JSON and BIDS-Prov #146

cmaumet · 2024-11-22T09:59:15Z

Update proposal for BIDS Prov (BEP028)

dissolving "Justification for Separating Provenance from file JSON" section by allowing generatedBy to be specified in the corresponding .json file, potentially with further relaxations such as not demanding id (assume to be unique) and overall have a clear schema which we could encode in our BIDS schema and validate

The text was updated successfully, but these errors were encountered:

yarikoptic · 2024-11-22T16:28:51Z

BTW, this would also be somewhat aligned with the effort of @surchs et al in https://github.com/OpenNeuroDatasets-JSONLD/ where instead of aiming at directly equipping openneuro BIDS datasets with .jsonld files "directly", they work on improving description of phenotypic data within JSON files so then there could be improved (over original BIDS) .jsonld files "derived" from the JSON files metadata. In other words: they are concentrating on the description of metadata in more concise/to the point way, relying on @context etc to be "encoded" elsewhere, to then be able to render the enriched .jsonld files. I think that is the path which BEP028 should allow for as well: to provide a way to "enter" provenance in concise, more "human accessible" form, to later be able to produce the "standard" prov.jsonld files. IMHO some additional aspects worth adding to "design" here

*prov.jsonld across different levels (jsonld at any level #144 , _prov.jsonld at different levels #145) would still be allowed but validator must be able to detect possible conflicts and incongruencies and warn or error
- TODO: identify common scenarios like that (e.g. records with the same id but conflicting metadata -- different other fields etc)
should be sufficiently expressive to accommodate current GeneratedBy ("Absorb"/migrate already defined in BIDS dataset_description.json GeneratedBy #148)
schema for JSON records would be defined within BIDS schema (here is current for GeneratedBy) to be validatable by stock bids-validator
develop good set of examples for already present common use-cases e.g.
- conversion software(s) version specification -- e.g. for dcm2niix and heudiconv
- additional manual annotation
cool feature idea (good-for-hackathon style)
- develop tool to automatically extract/enrich based on git history. Might already be in part addressed by https://docs.datalad.org/projects/metalad/en/latest/generated/datalad_metalad.extractors.runprov.html#module-datalad_metalad.extractors.runprov but I thought there was even more ...
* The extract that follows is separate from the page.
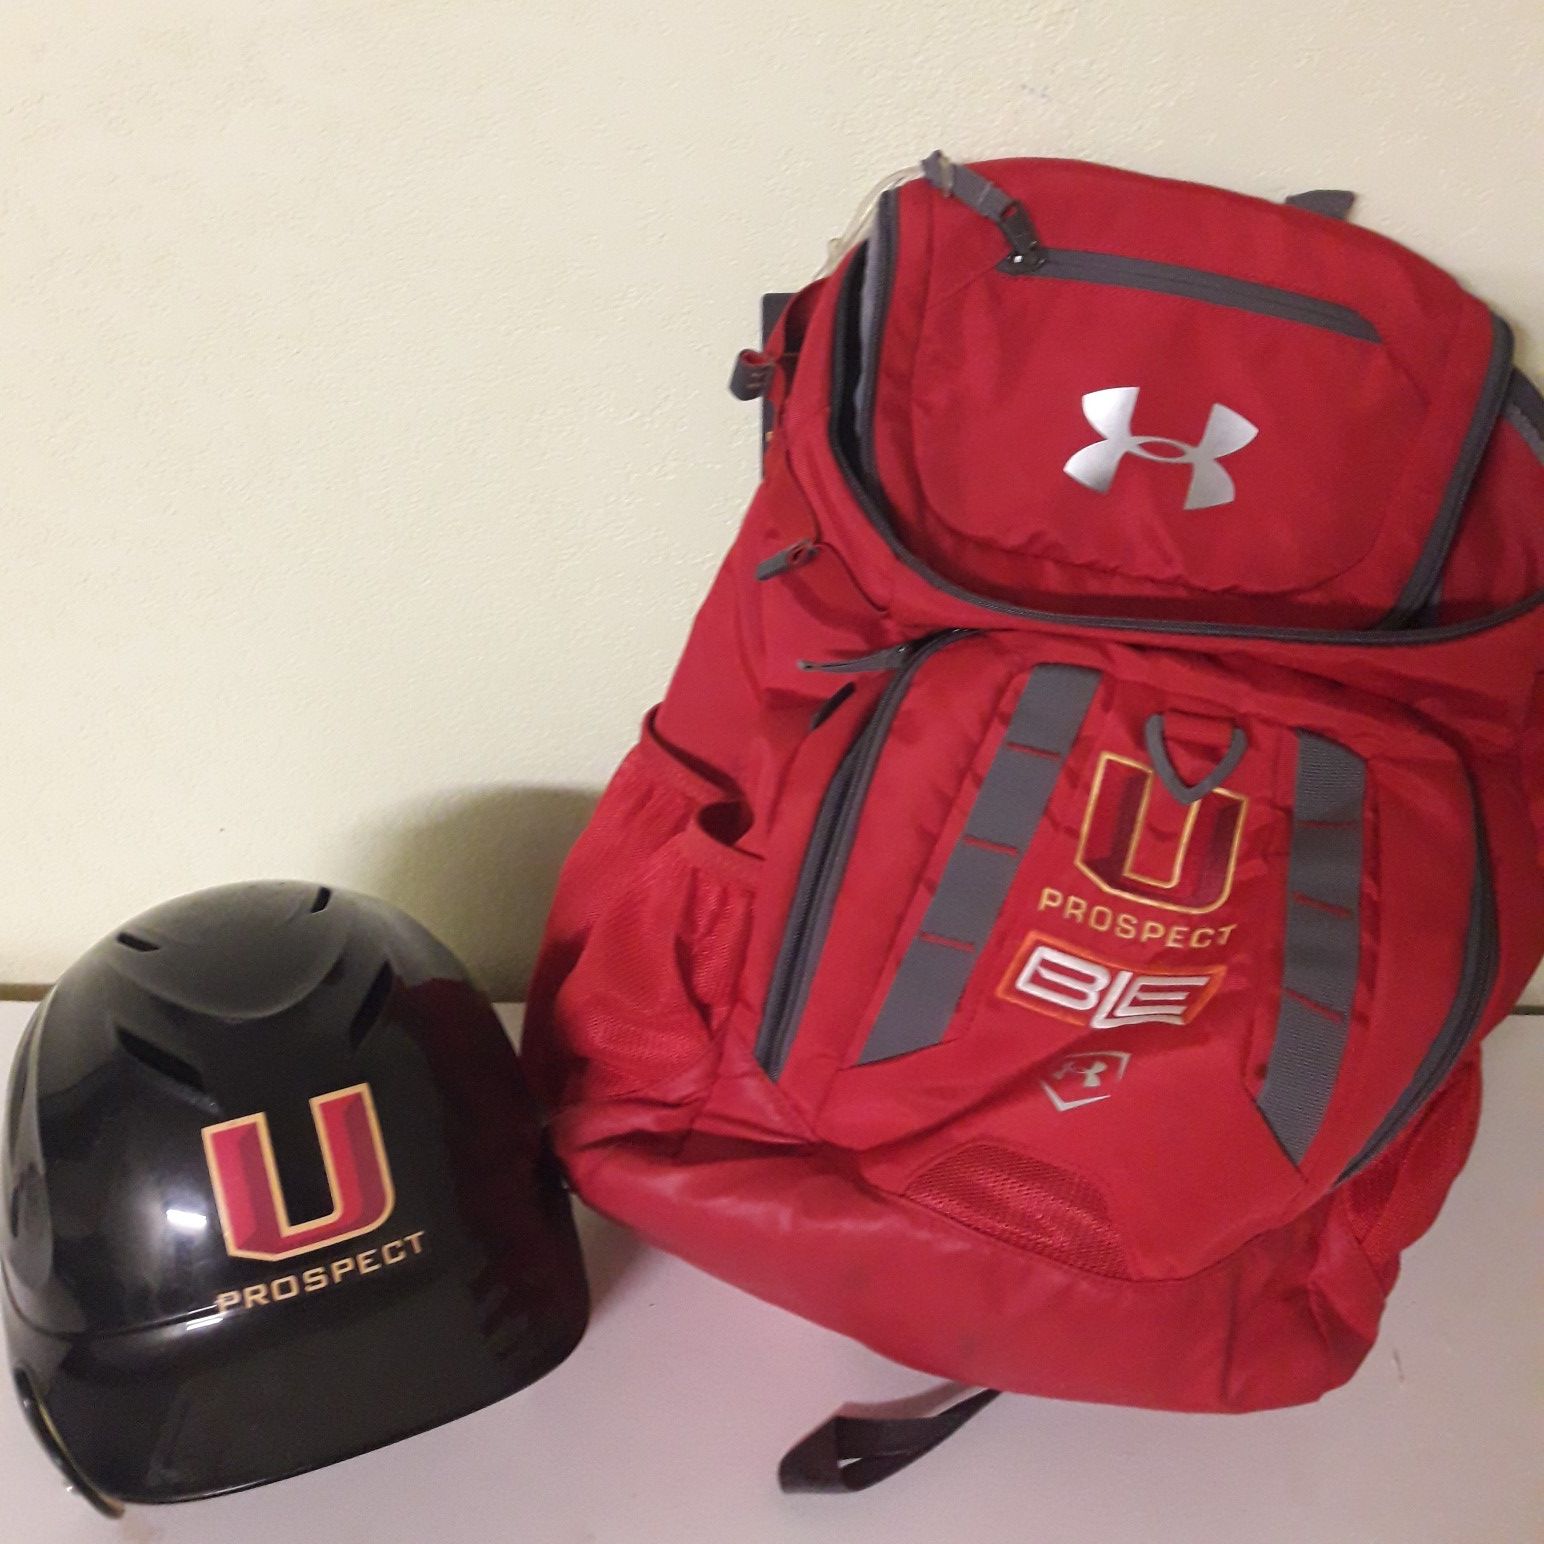 Under Armor Prospect Baseball Backpack and Helmet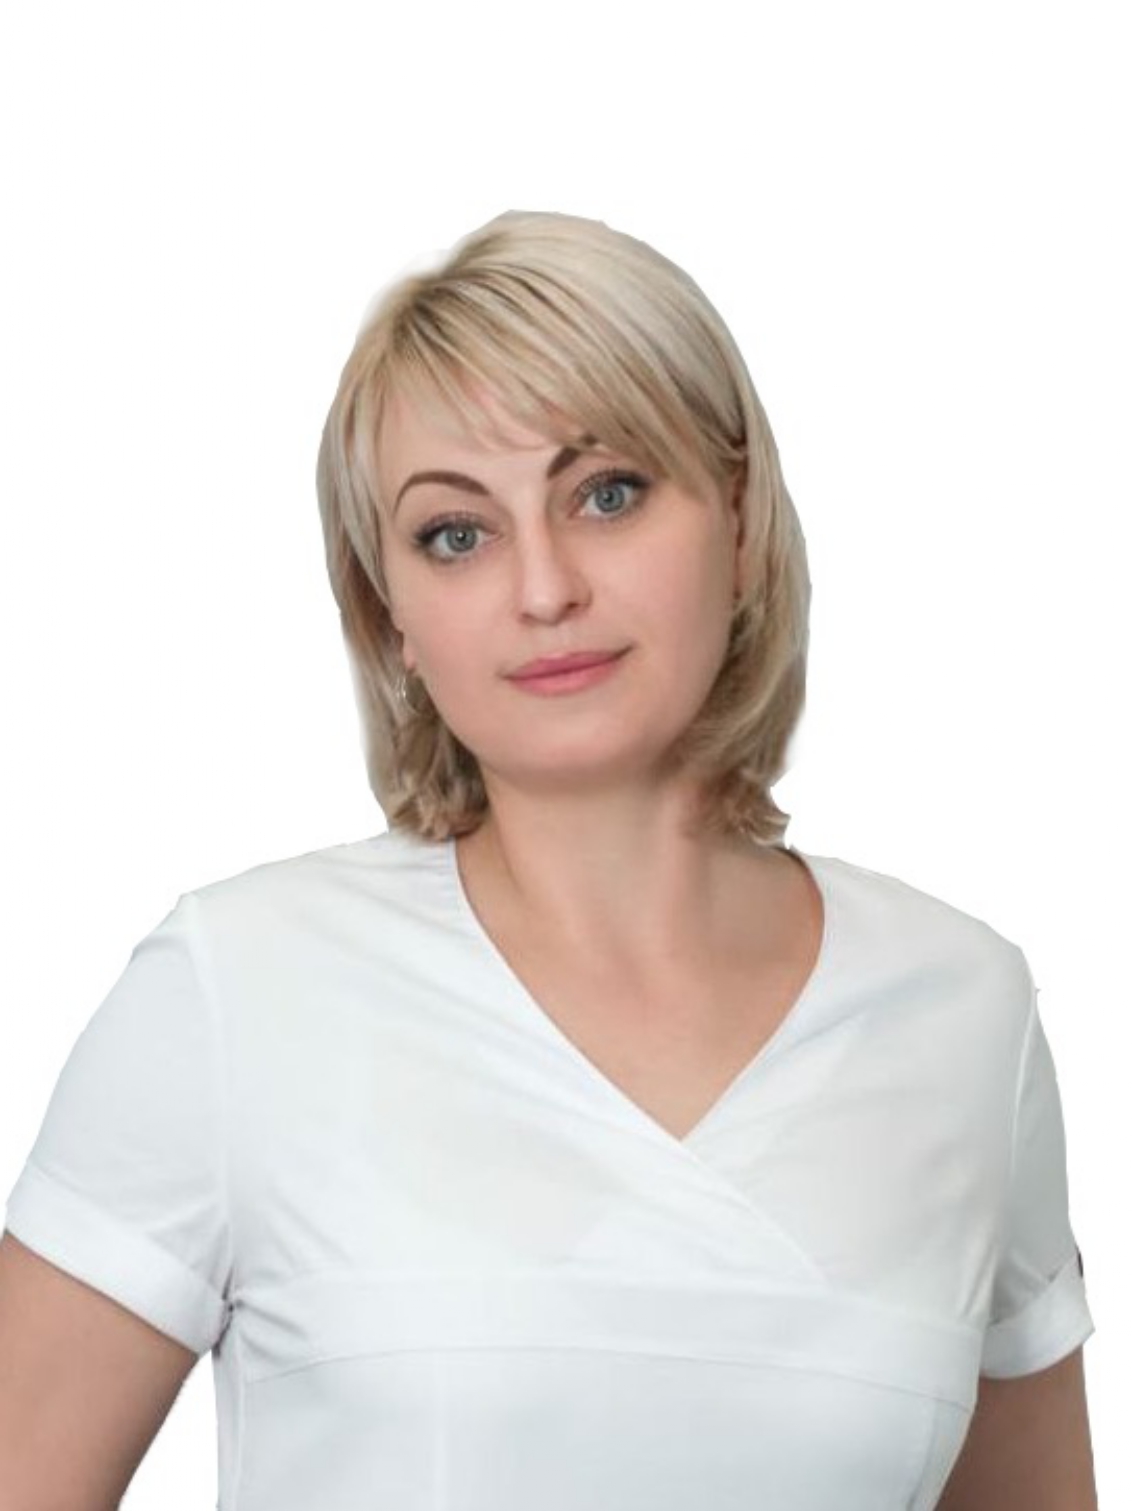 Харченко Светлана Григорьевна - стоматологическая клиника L70

edit 1: IMHO think this issue is one of the most important aspects to facilitate adoption.

cmaumet · 2024-11-25T14:32:40Z

@yarikoptic -- may I ask if you can help me keeping one issue per issue otherwise it's hard for me to keep track 🙏

dissolving "Justification for Separating Provenance from file JSON" section by allowing generatedBy to be specified in the corresponding .json file, potentially with further relaxations such as not demanding id (assume to be unique) and overall have a clear schema which we could encode in our BIDS schema and validate

"Justification for Separating Provenance from file JSON" is no longer present in the BIDS-Prov spec at https://bids.neuroimaging.io/bep028.

The discussion on how to fit with current BIDS "wasGeneratedBy" is in #148.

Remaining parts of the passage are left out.